--- Data below Enclosed Below ---

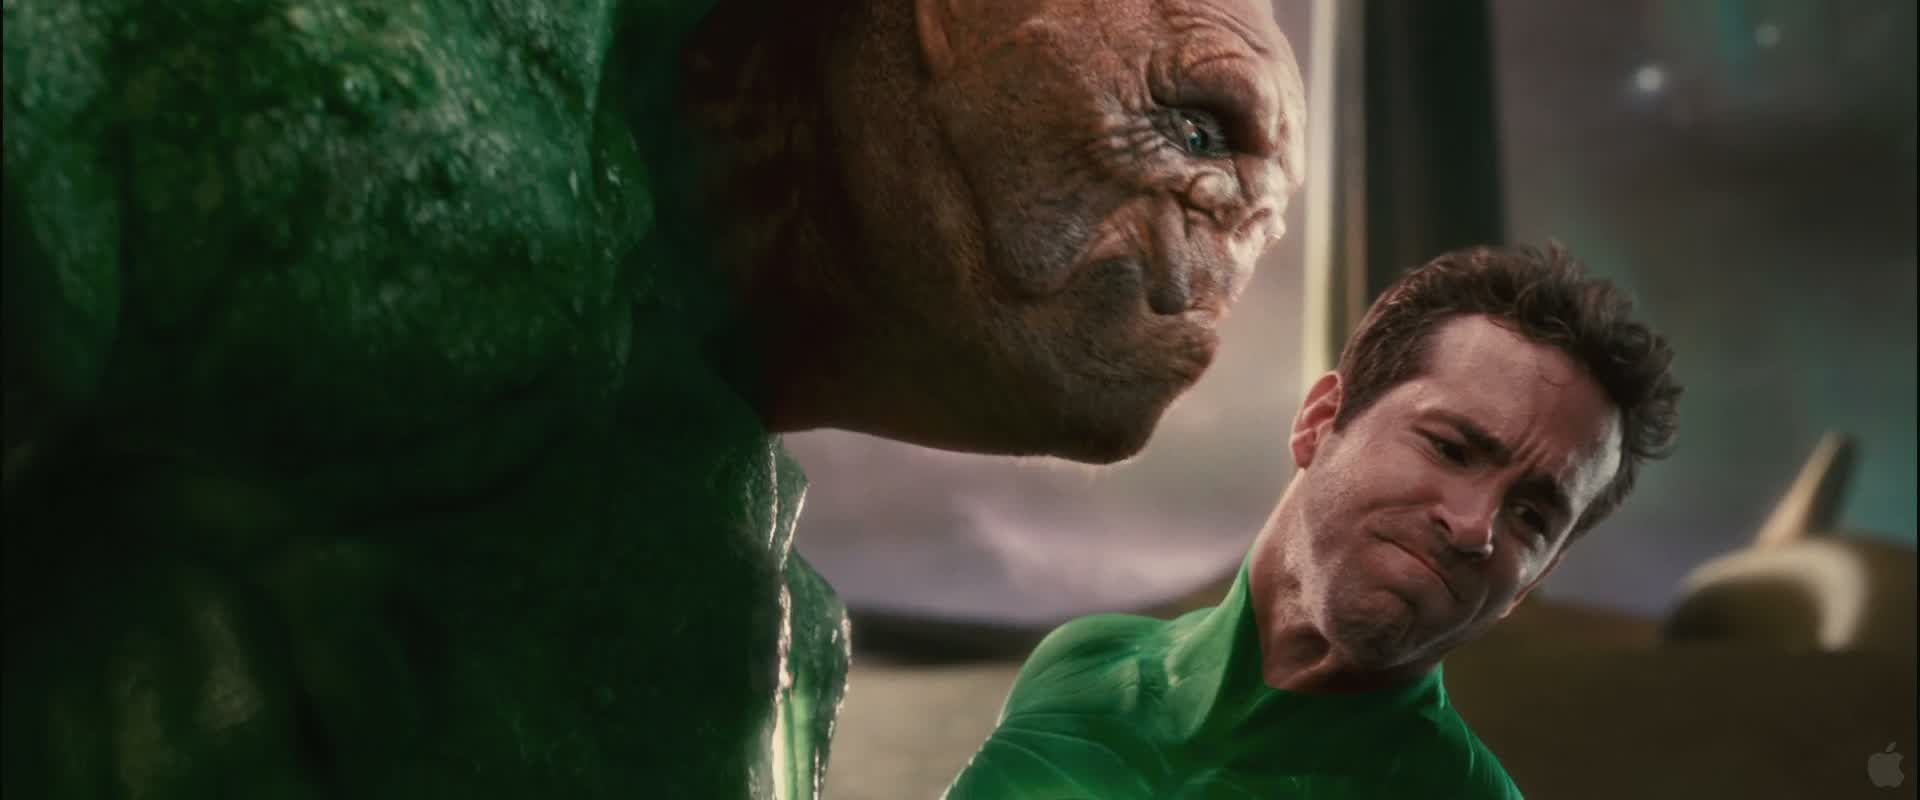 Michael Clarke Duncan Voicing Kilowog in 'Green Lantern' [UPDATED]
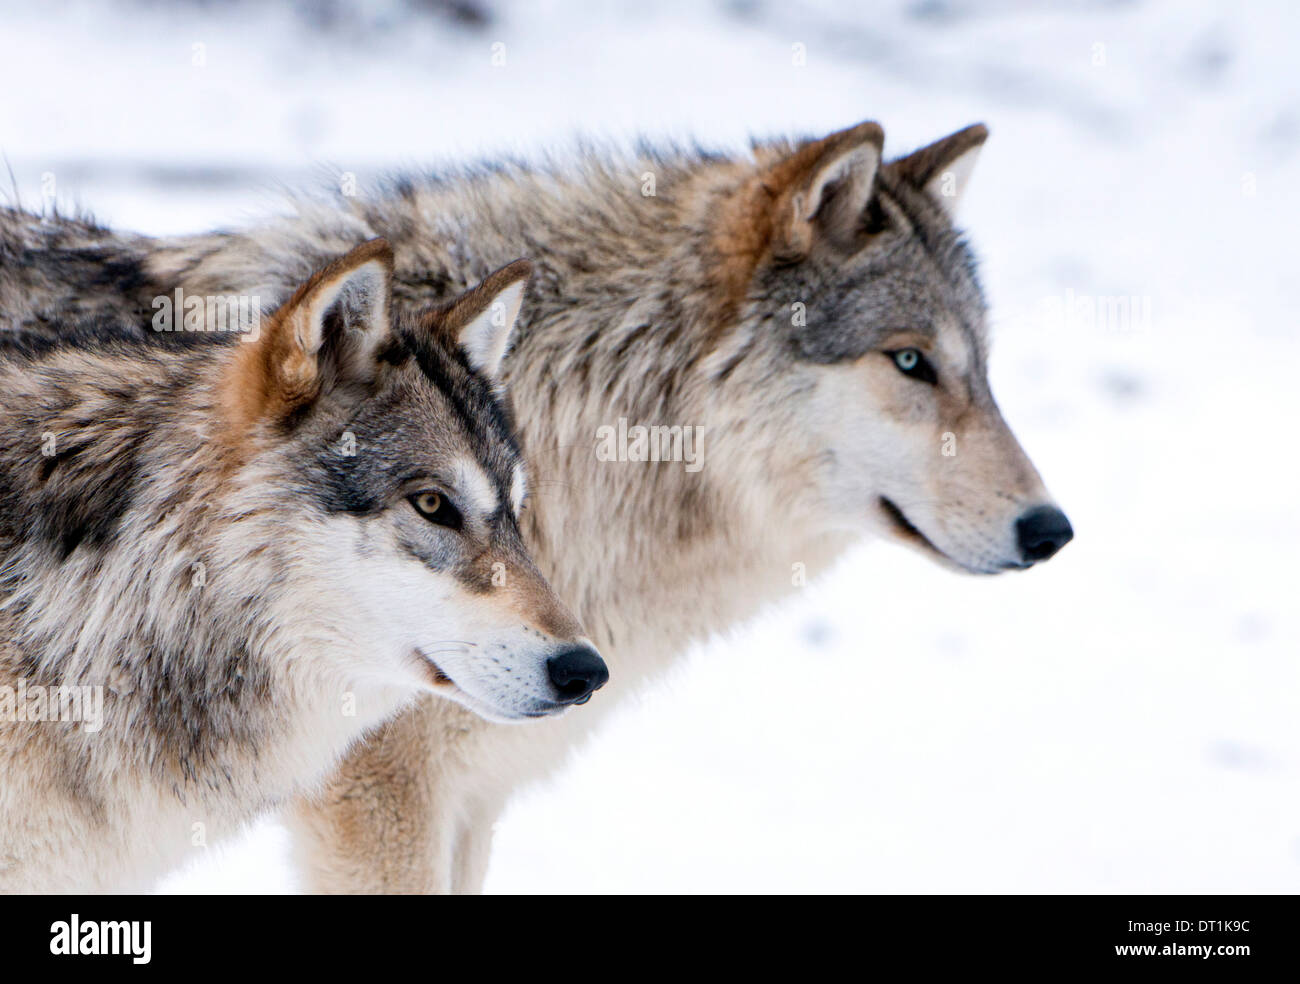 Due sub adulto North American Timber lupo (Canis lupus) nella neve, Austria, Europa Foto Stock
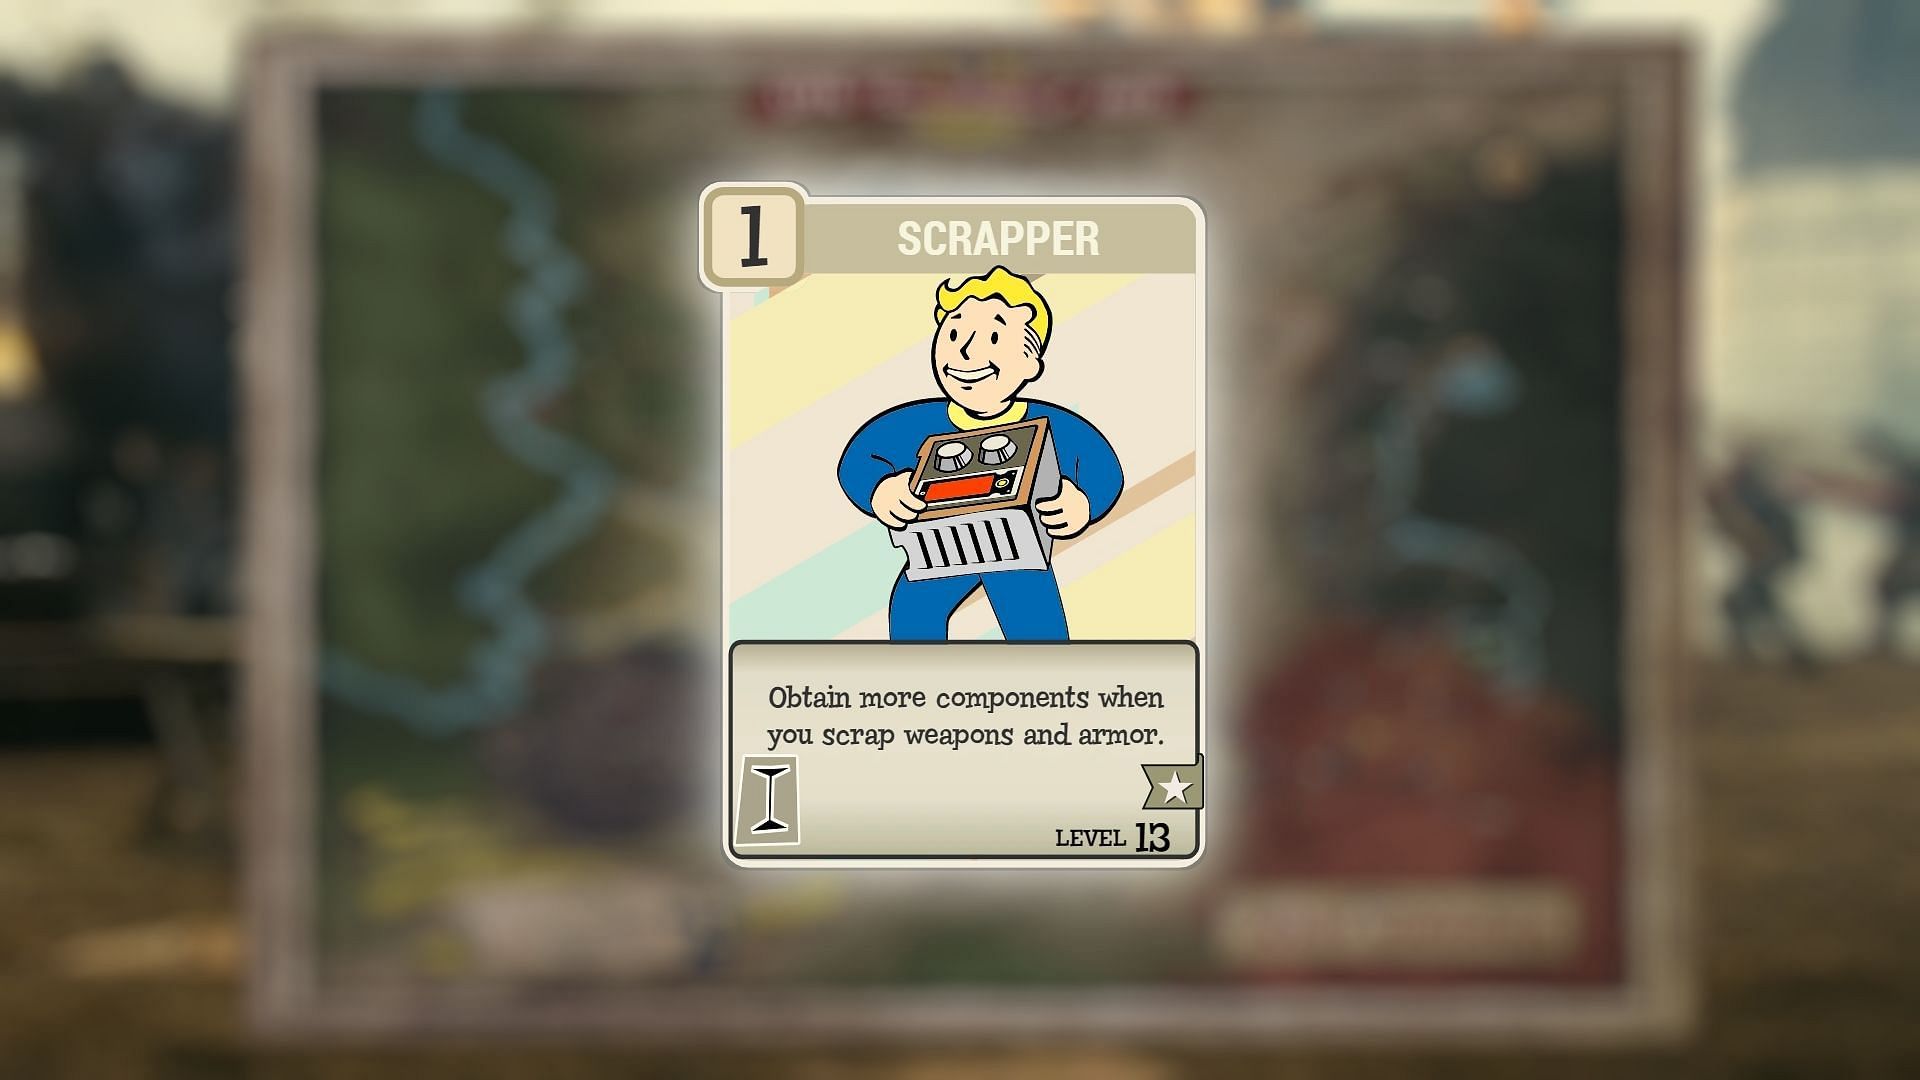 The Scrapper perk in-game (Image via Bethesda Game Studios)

--- End of Enclosed Data below ---

Retype the data above exactly. Do not carry over any images.

 Michael Clarke Duncan Voicing Kilowog in 'Green Lantern' [UPDATED]
 Due sub adulto North American Timber lupo (Canis lupus) nella neve, Austria, Europa Foto Stock
 The Scrapper perk in-game (Image via Bethesda Game Studios)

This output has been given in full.